PART II: How To Make Machines Learn Like We Do

0

Arslan Chaudhry is a Rhodes Scholar studying Artificial Intelligence and Machine Learning towards his PhD dissertation at Oxford. Originally from Lahore, Arslan completed his undergraduate education from UET Lahore in Electrical Engineering and worked with Mentor Graphics, a popular company specializing in embedded electronics, for two years before arriving at Oxford. As part of our series ‘Artificial Intelligence: Truths and Myths’, Spectra spoke to Arslan about his journey, Artificial Intelligence (AI) and his work in this field.

The Interview consists of two parts; the first part which can be read here explores Arslan’s personal experience as a student at UET and now at Oxford. In this part, we have an in-depth conversation with Arslan on multiple themes of Artificial Intelligence, including, but not limited to, limitations of current AI systems, his work on continual learning, academic lethargy in Pakistan and the need for a national AI policy.

The interview has been condensed and edited for the purposes of clarity and brevity.

Arslan presenting his work on life-long learning at International Conference of Learning Representations.

Spectra: What are the problem(s) you are looking to solve in machine learning?

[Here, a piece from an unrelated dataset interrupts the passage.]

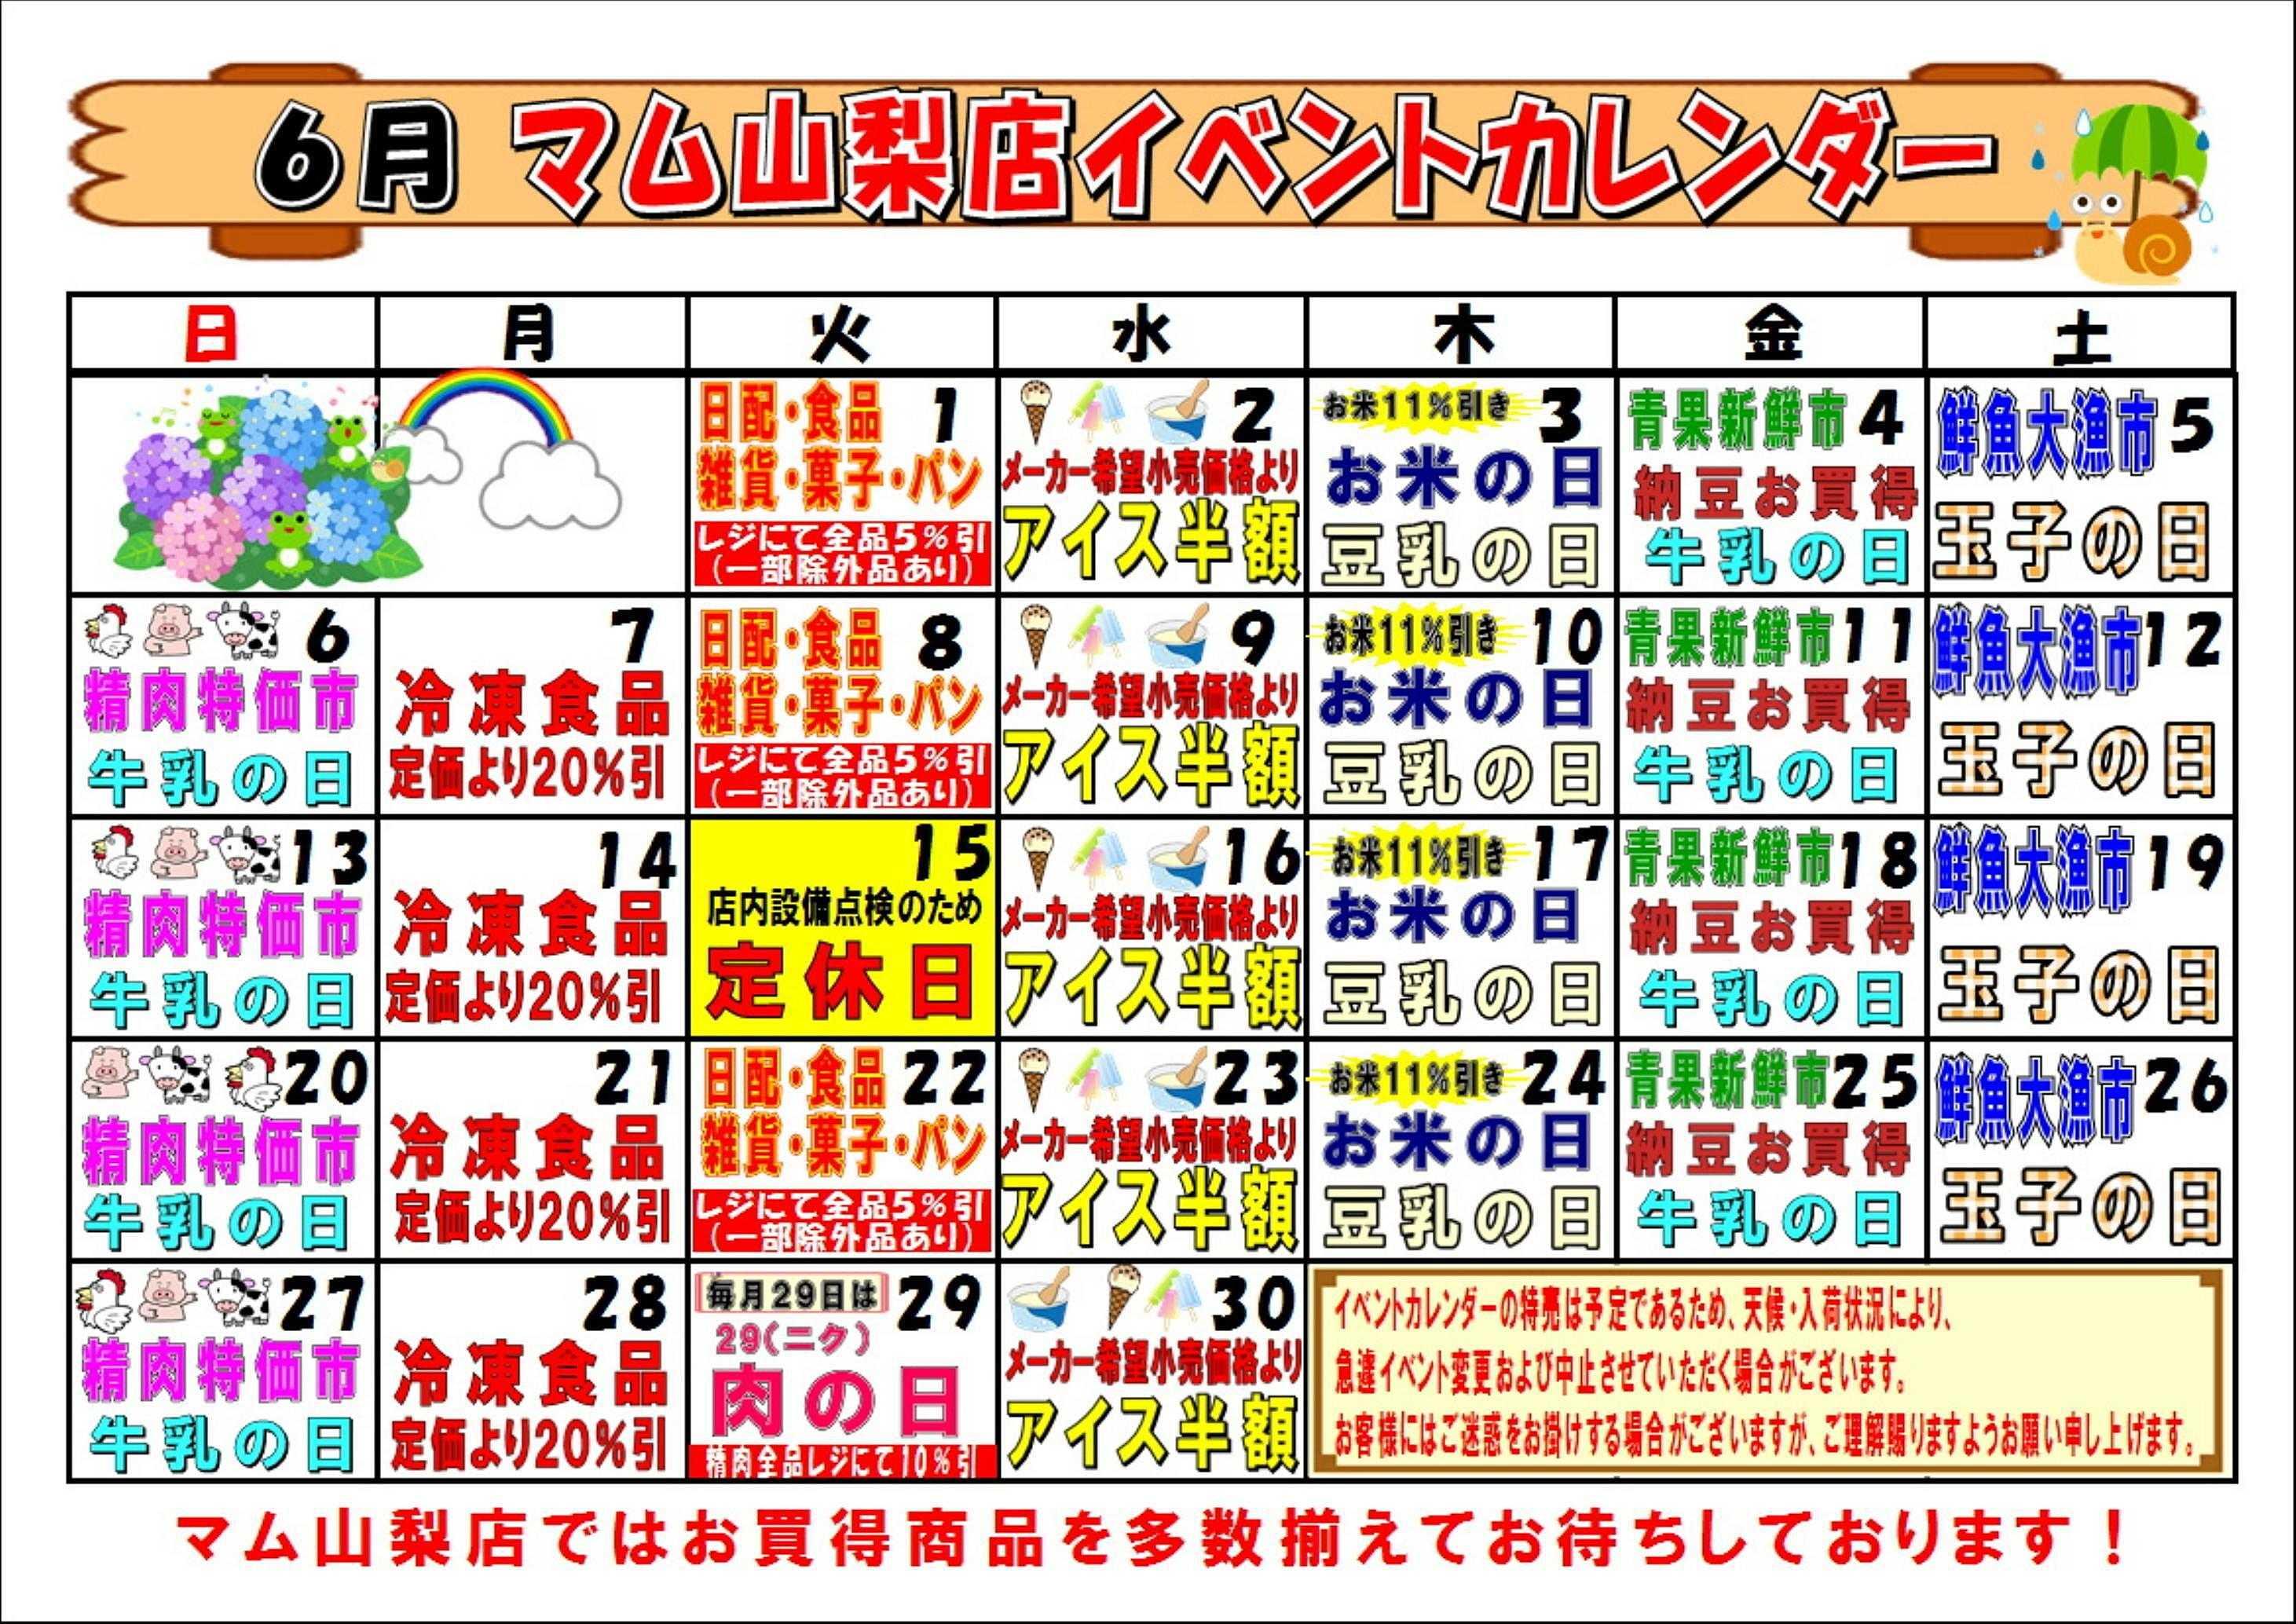 フードマーケット マム 山梨 イベントカレンダー

I work on what we call continual learning. In this setting, you have a learning agent and there is data whose distribution may change over time and the task is that this agent should continuously learn and adapt to new data. [This can be better understood in the context of a project]. So assume that you want to build a driverless car. To build this car, you need a system which can detect all the possible objects on the road. So one possibility is that first, you collect the dataset of all the possible things that you’re going to see in the world. And then you will train your model on all these objects. But this is an impossible task, because you don’t know which objects your car is going to see on the road and there is always a possibility that there is this new object which your car has not seen. So for example, let’s say that you’ve trained your car in UK and then all of a sudden, you take this car to Pakistan, and it sees a rickshaw for the first time or a bail garhi (ox cart). Your car won’t be able to detect these new objects [that it has never seen during training]. To help your car detect them, if you retain your model on these objects, then your car essentially will forget what it had seen in the past [in the UK] and this is a big problem. Continual learning provides a way to keep training your agent as you get new types of data and not forget about what you’ve seen in the past and this is something that I’m trying to solve in machine learning i.e. how can you build new concepts or how can you learn new concepts without forgetting old ones.

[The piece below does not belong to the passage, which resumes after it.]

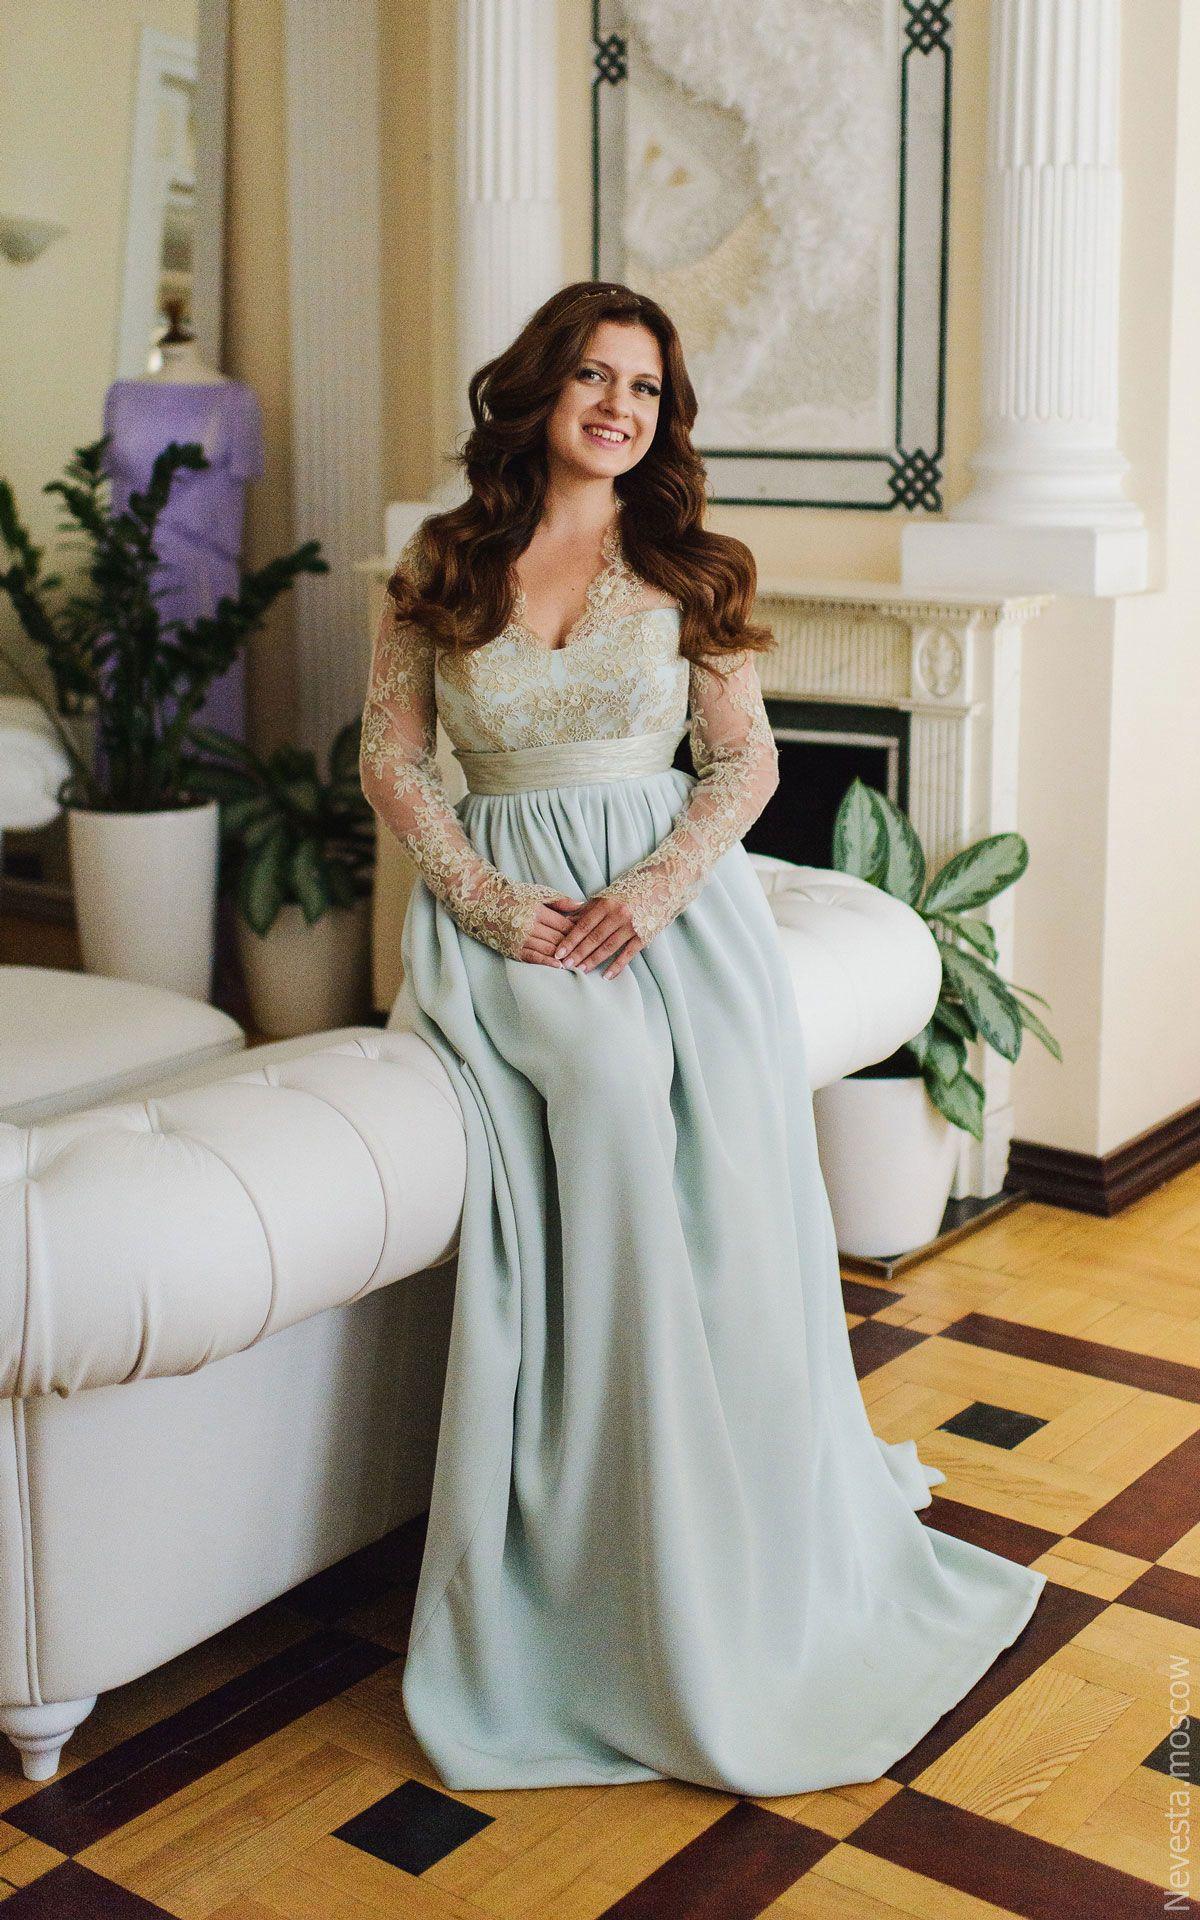 Анастасия Денисова примеряет свадебное платье фото 9

There is generally a lot of excitement around self-driving cars. Can you guess when will they be on the roads?

I would say a hacky version of driverless cars, in which the car is doing 95% of the work but there is still a human sitting behind the driving wheel, will be seen in the next 5-6 years. But full autonomy, where there is no human involved at all, is still way off, I would say two to three decades.

What are the challenges that you think we will need to solve to get to fully autonomous AI?

I think there are a bunch of engineering challenges as well as a plethora of theoretical ones. Engineering challenges range from building sensors which are accurate enough to building hardware which can process all this data coming from the sensors in an efficient way. There has been some progress on these fronts; but these challenges are still there. On the theory side, again, there are a bunch of challenges. One concerns the adaptability of AI models. For example, when you change the domain from night to day or from London to Lahore or from desert to an [urban] road, how quickly does your model adapt? That adaptability problem is there and there I think continual learning is going to be important. Second, interpretability is also very important. Right now, with neural networks as black boxes, interpreting different results and [making] theoretical guarantees around the product and then having uncertainty estimates around those [results] is going to be really important. This is so, because of safety certifications, I’m quite sure that unless you can certify that our car is predicting something with this much confidence, people are not going to certify these cars to drive on roads. Lastly, the general problem of causality is always going to be there.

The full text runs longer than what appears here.